Automatically exported from code.google.com/p/feedparser
Other
0 stars 0 forks source link

Add support for hashing the feed contents / avoid re-parsing #370

Closed GoogleCodeExporter closed 9 years ago

GoogleCodeExporter commented 9 years ago
For gPodder (gpodder.org) on mobile devices with limited processing power, it 
would be great to avoid parsing feeds if the contents do not change.

I already take advantage of the ETag and If-Modified-Since features in 
feedparser, but some web servers don't support this feature, and return a new 
feed even if the content doesn't change.

My proposal now is that feedparser can (optionally or by default) create a hash 
over the whole feed contents (as ready from a file or over the network) and 
return this in the response. The application using feedparser can then provide 
the hash to the feedparser parse method at the next update, and feedparser will 
compare the hashes of the contents and avoid parsing the feed again if the 
contents didn't change.

This will still consume network traffic, because the whole feed has to be 
downloaded again, but it will reduce CPU time, because the feed doesn't need to 
be parsed if the same content has already been parsed before.

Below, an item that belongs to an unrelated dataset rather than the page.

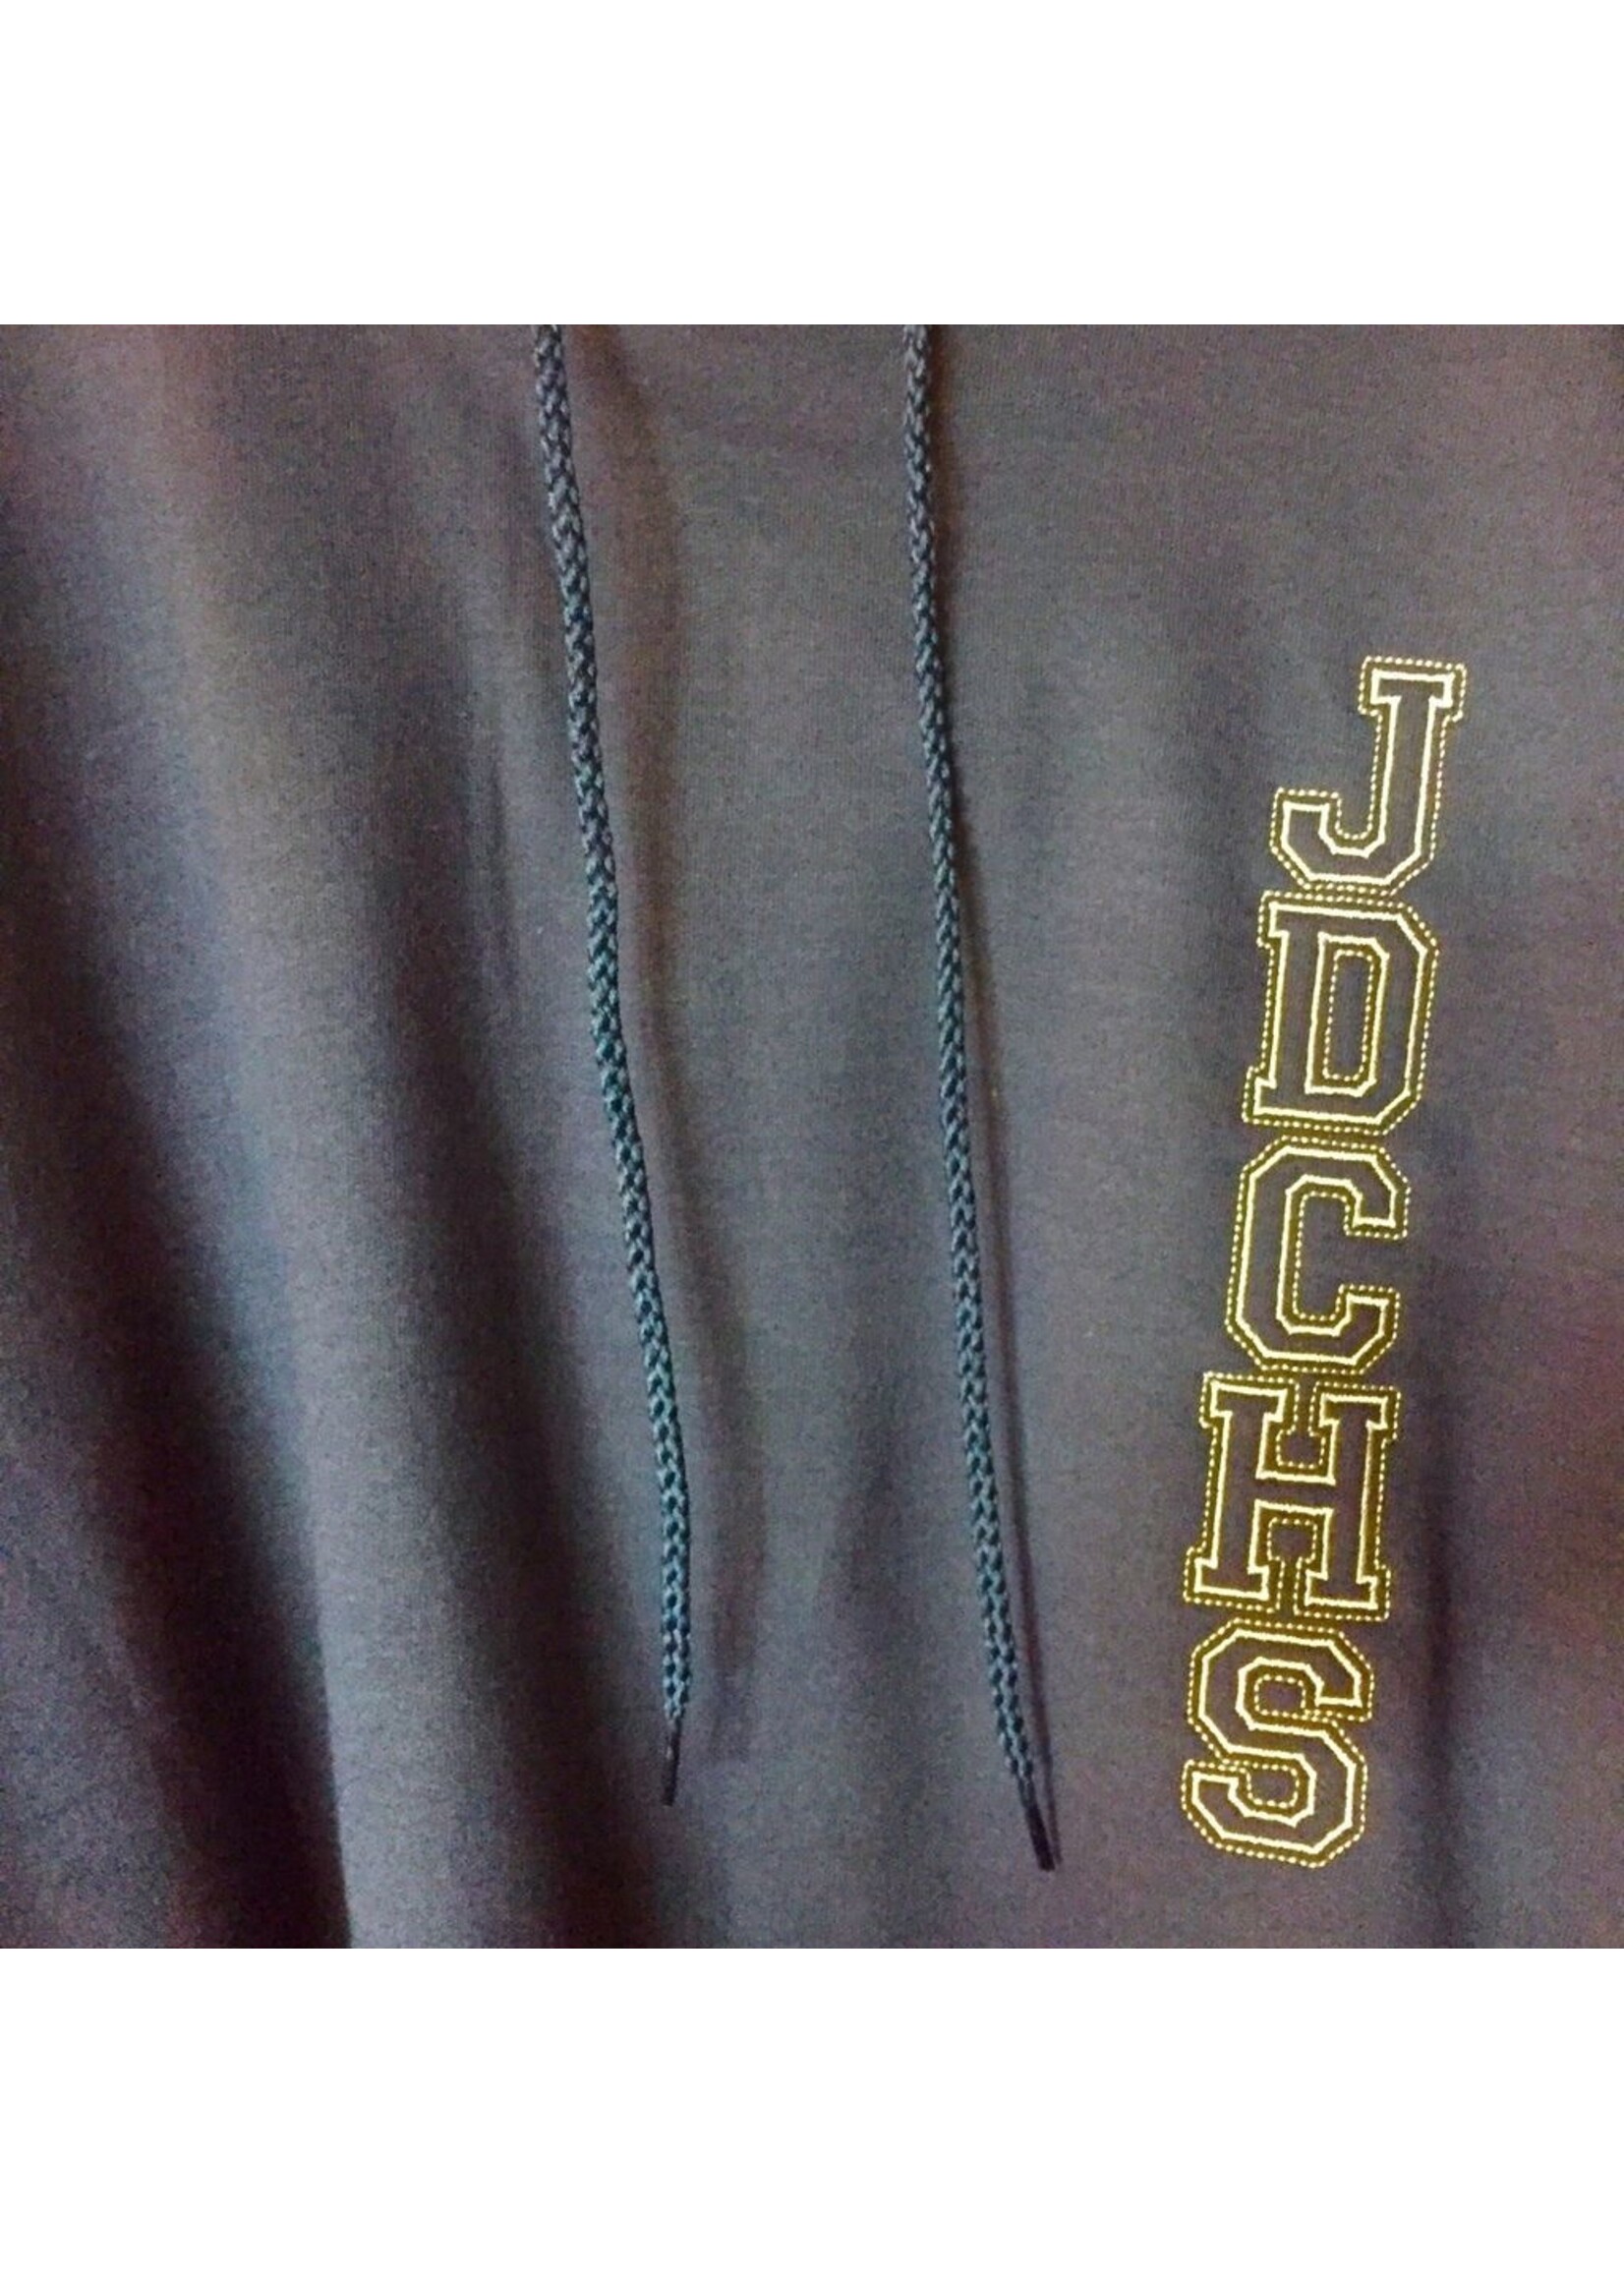 NON-UNIFORM Sweatshirt - JDCHS Hooded Pullover w/vertical logo left front

Is this something that can be included in feedparser? I might even write and 
submit the patch myself, but there's no point in trying to pursue this 
direction if it's not going to be included upstream (I want to avoid having to 
ship a local fork of feedparser with my application).

Original issue reported on code.google.com by th.perl@gmail.com on 9 Aug 2012 at 9:14

GoogleCodeExporter commented 9 years ago
Proposed patch.

Original comment by th.perl@gmail.com on 9 Aug 2012 at 12:11

Attachments:

GoogleCodeExporter commented 9 years ago
Related gpodder bug: https://bugs.gpodder.org/show_bug.cgi?id=1643

Original comment by th.perl@gmail.com on 9 Aug 2012 at 12:14

GoogleCodeExporter commented 9 years ago
Thomas, I've been considering this for a while, and I've currently concluded 
that this is something that should be handled external to feedparser, before 
calling `feedparser.parse()`.

Original comment by kurtmckee on 2 May 2013 at 3:54